Kaitlin Cough, Elizabeth

Kaitlin Cough, Elizabeth Harnett

These were our base line values (without distractions):

Elizabeth:

Case 1: 228

Case 2: 317

Case 3: 468

Case 4: 514

Kaitlin:

Case 1: 255

Case 2: 347

Case 3: 561

Case 4: 707

For our second part of the experiment, the distraction we decided to use was doing the clicking experiment while simultaneously watching a video on youtube. The idea behind this was mimicking doing homework in front of the TV, which we've always known is bad to do.
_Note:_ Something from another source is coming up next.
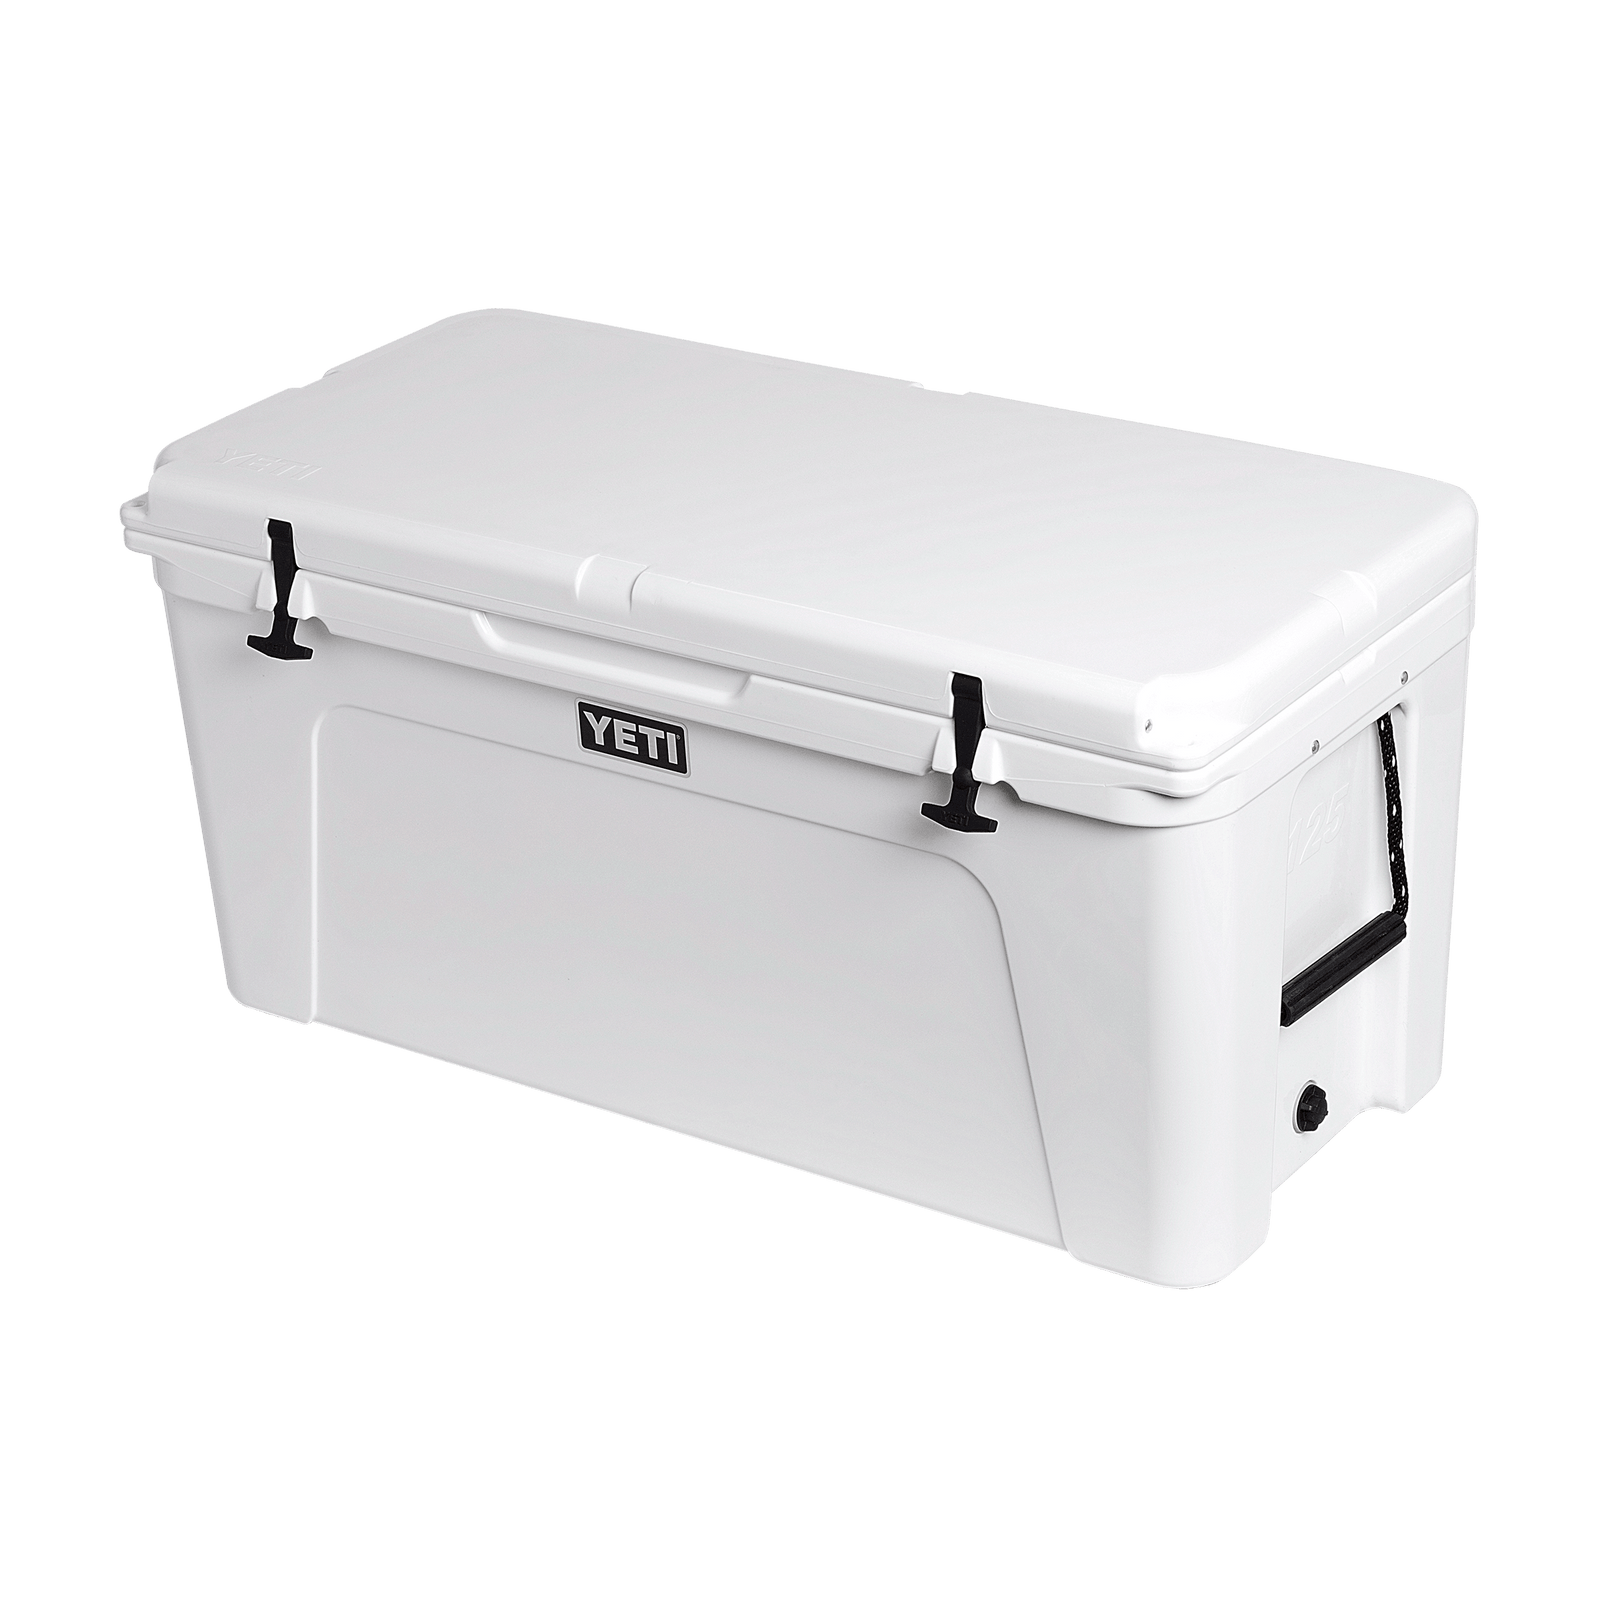 YETI Tundra 110 Cooler - White

Our hypothesis was that the reaction time would be slower for everything having to do with thinking. (Case 2, Case 3 and Case 4).

Our Data:

Elizabeth

Case 1: 283

Case 2: 350

Case 3: 576

Case 4: 564

Think: 67

Read: 226

Negate: -8

Kaitlin:

Case 1: 342

Case 2: 382

Case 3: 539

Case 4: 472

Think: 40

Read: 157

Negate: -67

For Elizabeth's data our hypothesis was right, except for the acting part: it took longer to act as well. Our hypothesis did not work for Kaitlin at all. It took longer for her to act and think and act, but anything having to do with reading was considerably faster. Our interpretation is that maybe our brains process things differently. The data shows that Elizabeth, when concentrating on one thing, works very fast but with multiple distractions does not work very fast. Kaitlin doesn't work as fast with only one thing to concentrate on, but when there are multple simuli her brain processes it faster.